With over 15 million Americans out of work Congress is searching for ways to reduce unemployment. The latest idea, put forward by Sen. Jack Reed (D-RI) is “work sharing.” Under work-sharing, companies reduce the hours (and pay) of all their employees instead of laying off some workers and having the remaining employees work normal hours. The government then gives workers a pro-rata share of unemployment insurance payments to partially compensate them for their lost earnings from their lost hours.

Work sharing seems like a simple solution to the unemployment problem. Why not encourage companies to share the work that needs to be done instead of forcing some workers into unemployment? It prevents workers job skills from deteriorating and companies from having to retrain new workers when demand picks up. It makes so much sense that several European countries have already tried it. Studies of their experiences show that work sharing perfectly illustrates H.L. Mencken’s point: for every complex problem there is an answer that is clear, simple, and wrong.

Study after study after study shows that European work sharing programs have done nothing to increase employment. One study of 16 developed countries found no evidence that work sharing programs created or saved jobs. If anything, the evidence suggests that work sharing slightly reduces the number of workers companies hire. Sen. Reed wants to save jobs by cutting hours, but instead workers would work shorter hours in fewer jobs.

Say what? Do not employers have to hire more (or lay off fewer) workers if the rest of their workforce worked less?

No. The mistake comes from believing that there is a fixed amount of work in the economy to be divided among workers. If that were true, then cutting work hours would create more jobs. But the amount of work that can be done in the economy is virtually unlimited. Why? Because human desires are unlimited. Samuel Gompers, the founder of the American Federation of Labor, was once asked what his members wanted. He could answer in just one word: “More.” That is true of most people – if someone gave you $20,000 you could probably find a way to spend it. What would you buy? A down payment on a house? A vacation to Rome? More education?

All these things take work to produce. There is always more work to be done. If an individual electrician works 30 hours a week instead of 40, another electrician may work longer hours to pick up the slack. But if all the electricians in a city work fewer hours then electricians will do less electrical wiring, leaving the city poorer.

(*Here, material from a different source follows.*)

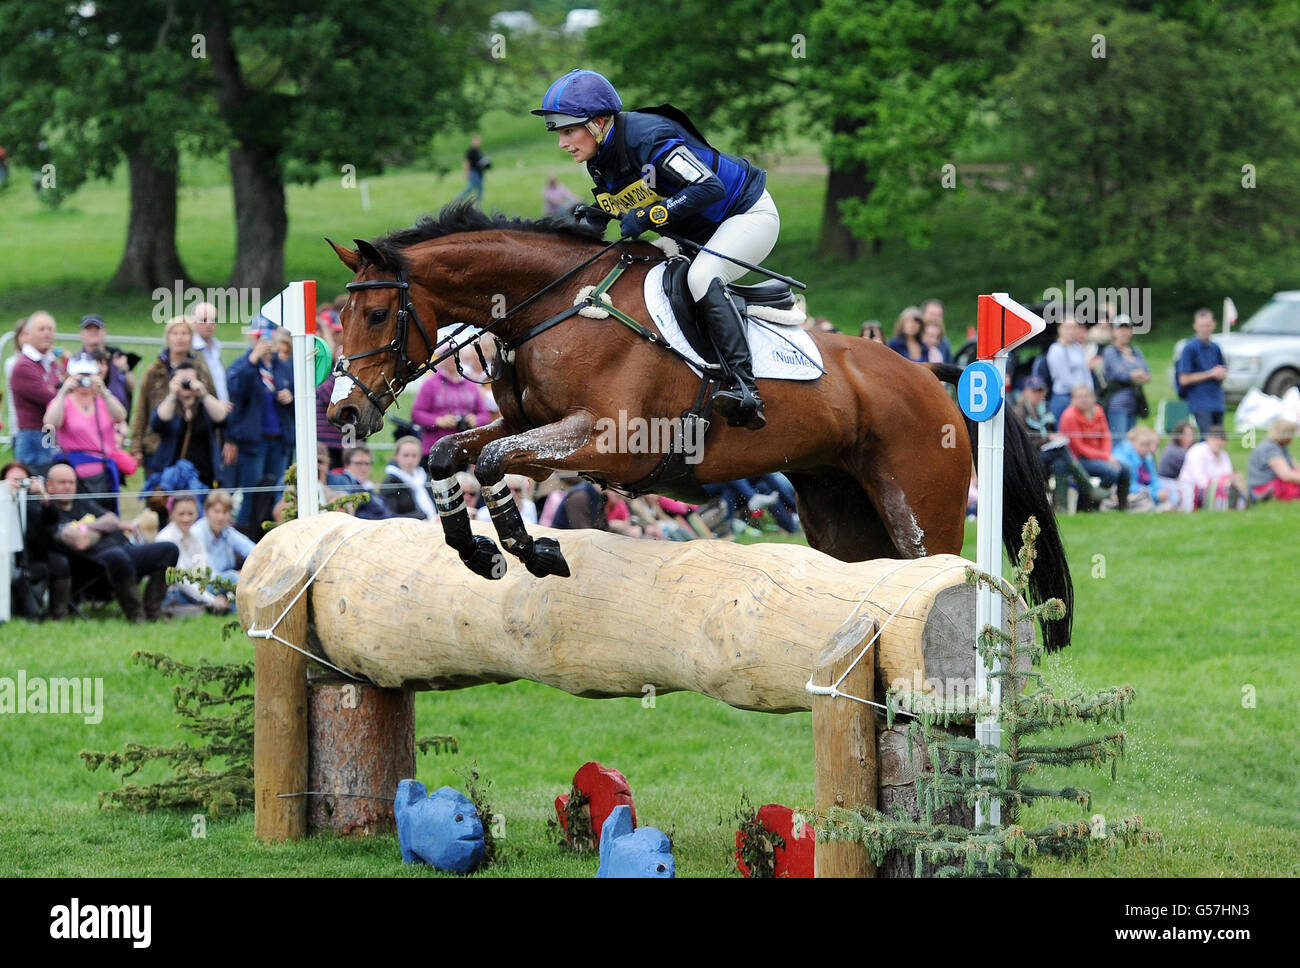 Zara Phillips rides High Kingdom during the CIC*** cross country event  during the Bramham International Horse Trials at Bramham Park, Wetherby  Stock Photo - Alamy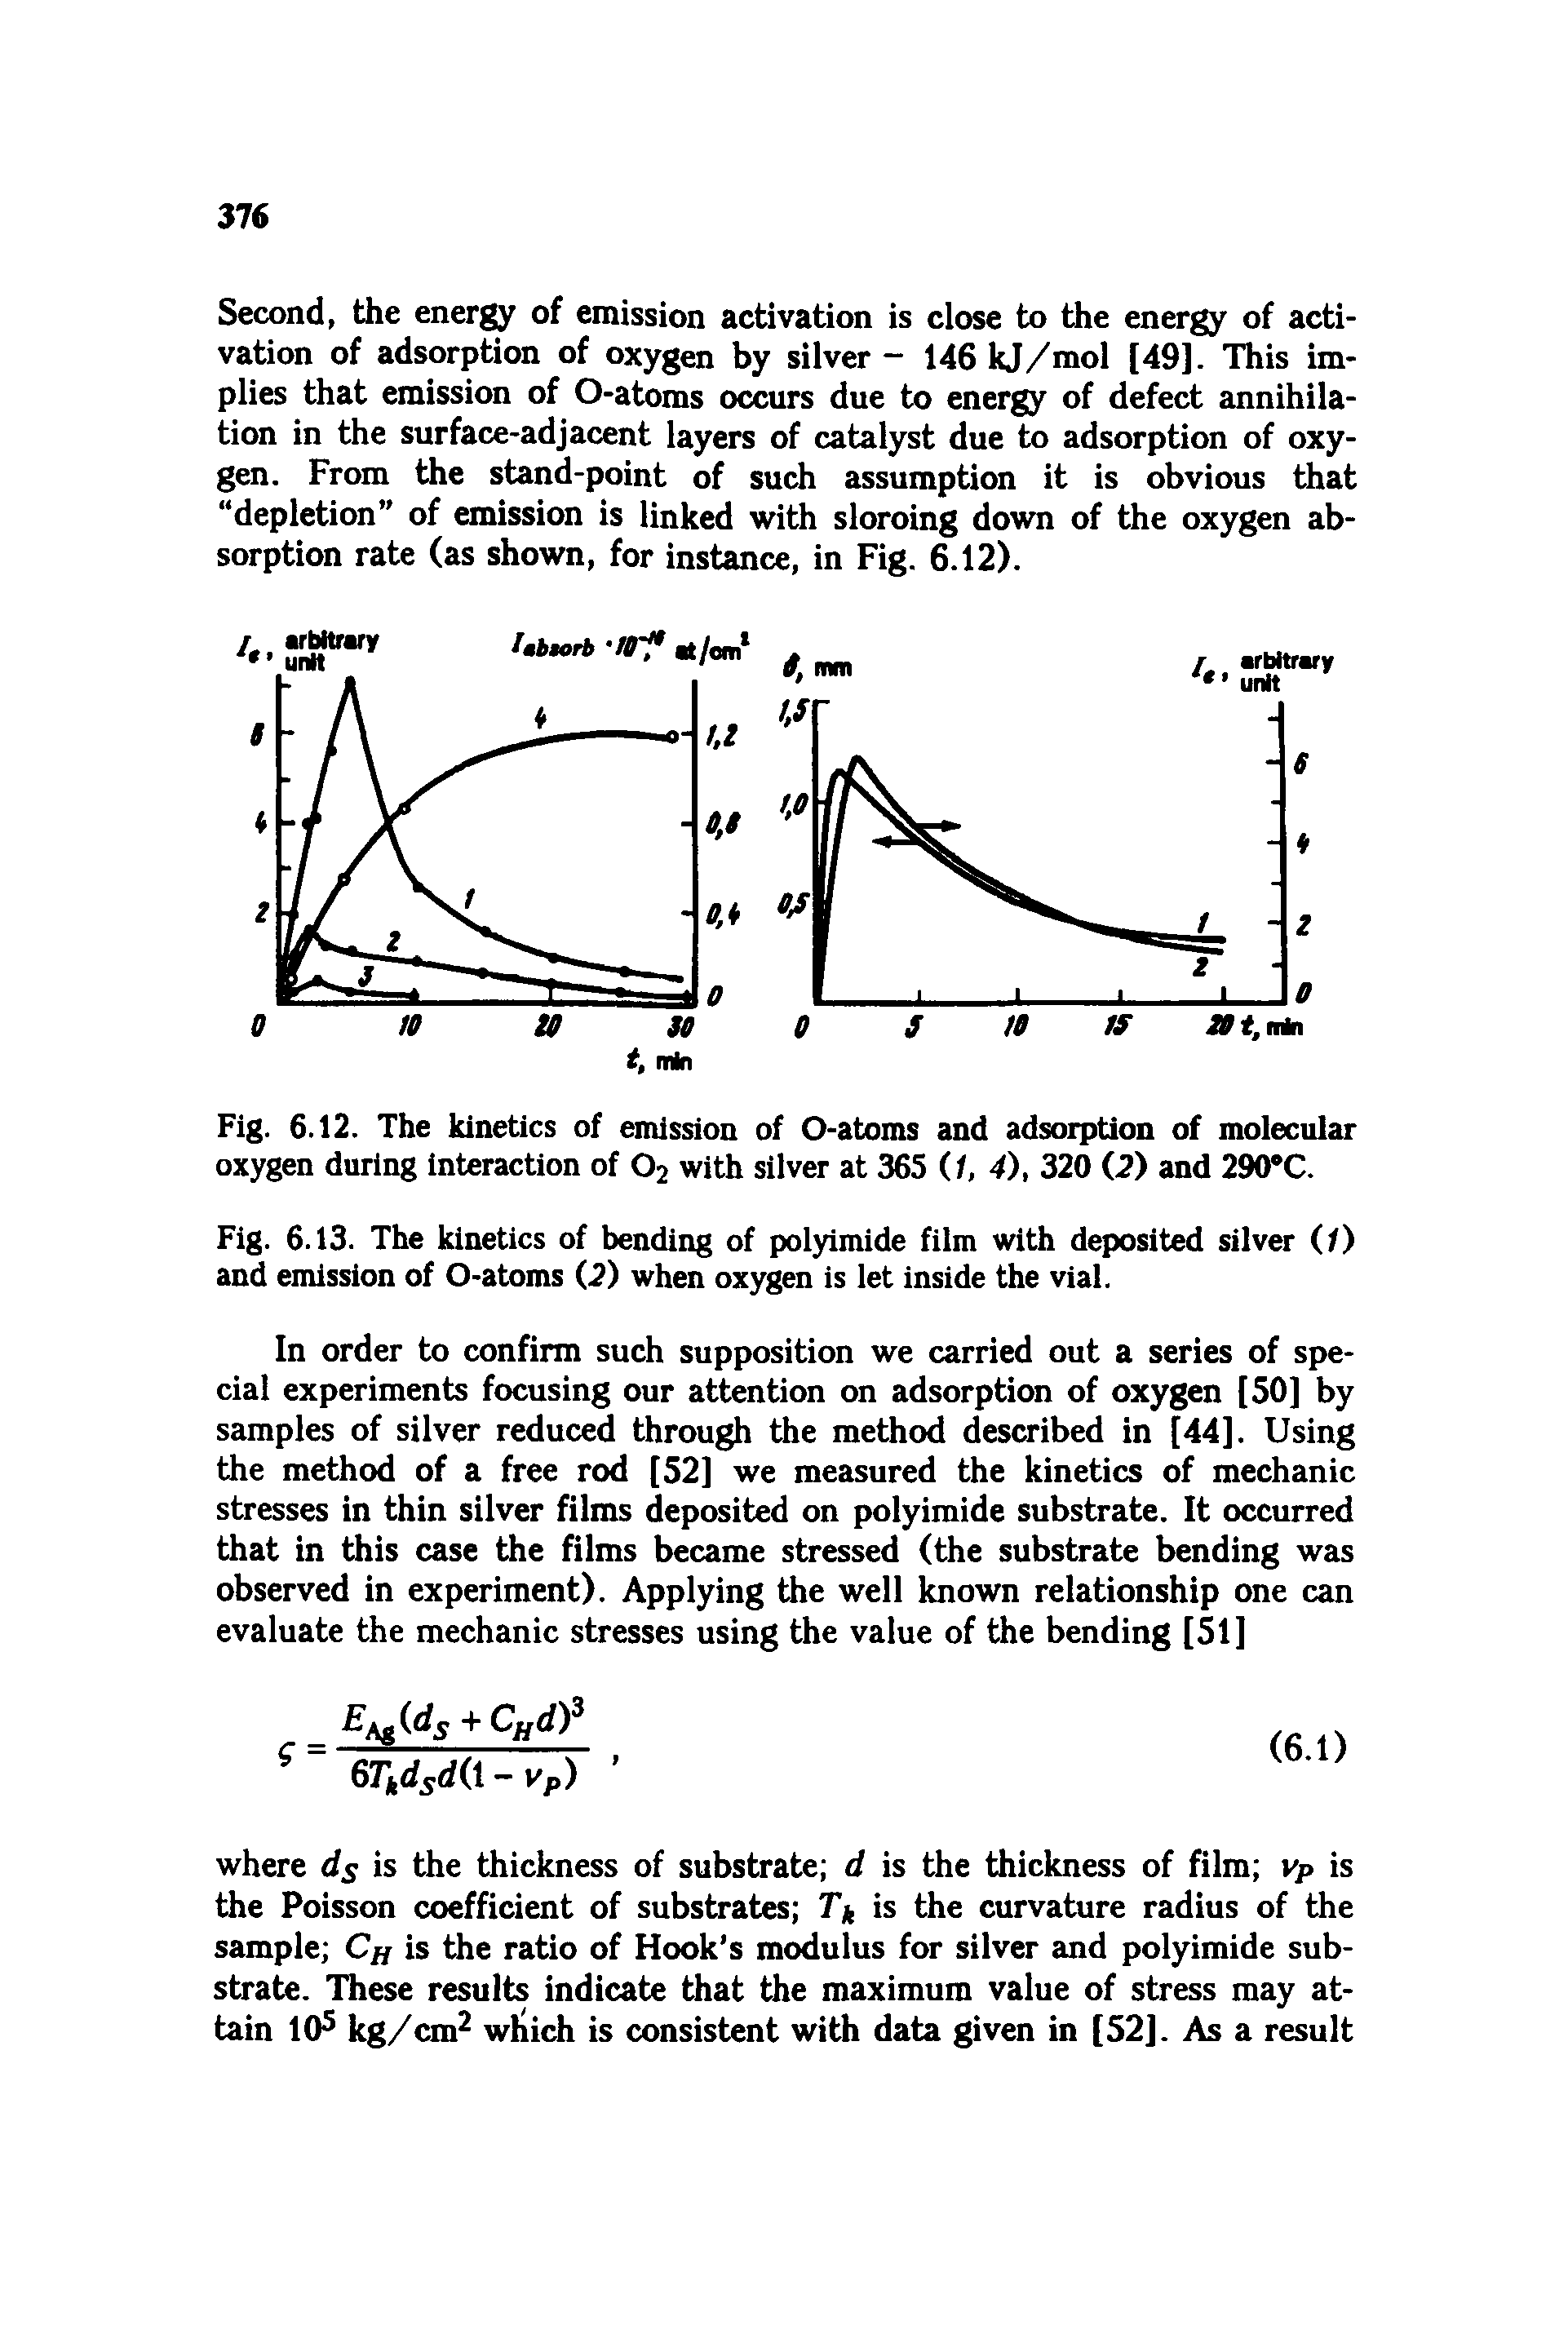 Fig. 6.13. The kinetics of bending of polyimide film with deposited silver (/) and emission of O-atoms (2) when oxygen is let inside the vial.

It does not feel like that in the middle of a recession. With unemployment at 10 percent it feels like the amount of work to do in the economy has fallen. But that is not the case. Rather, the types of work that need to be done are shifting. The housing and financial bubbles have collapsed. Americans want fewer expensive financial products or houses at sky-high prices and more of others goods and services. So the economy is shifting workers out of construction and finance and into new jobs that better serve American’s changed economic desires. Many unemployed workers will take jobs in companies that do not exist yet. They will work hard to produce new goods and services that Americans value. This transition can be prolonged and painful. It certainly is now.

But it is better to let jobs shift in the economy than to have taxpayers pay to encourage companies to cut their employees hours’. When that happens jobs do not increase – less work gets done.

Congress would do better to encourage entrepreneurial risk taking and investment. Unemployment has continued to rise not because of increased job losses but because job creation has fallen. The credit crunch and the risk of higher taxes and expensive regulation from Washington have reduced the incentive for and the ability of entrepreneurs to create the new jobs that unemployed workers would normally find. More entrepreneurship – not working fewer hours – will create jobs and lower unemployment.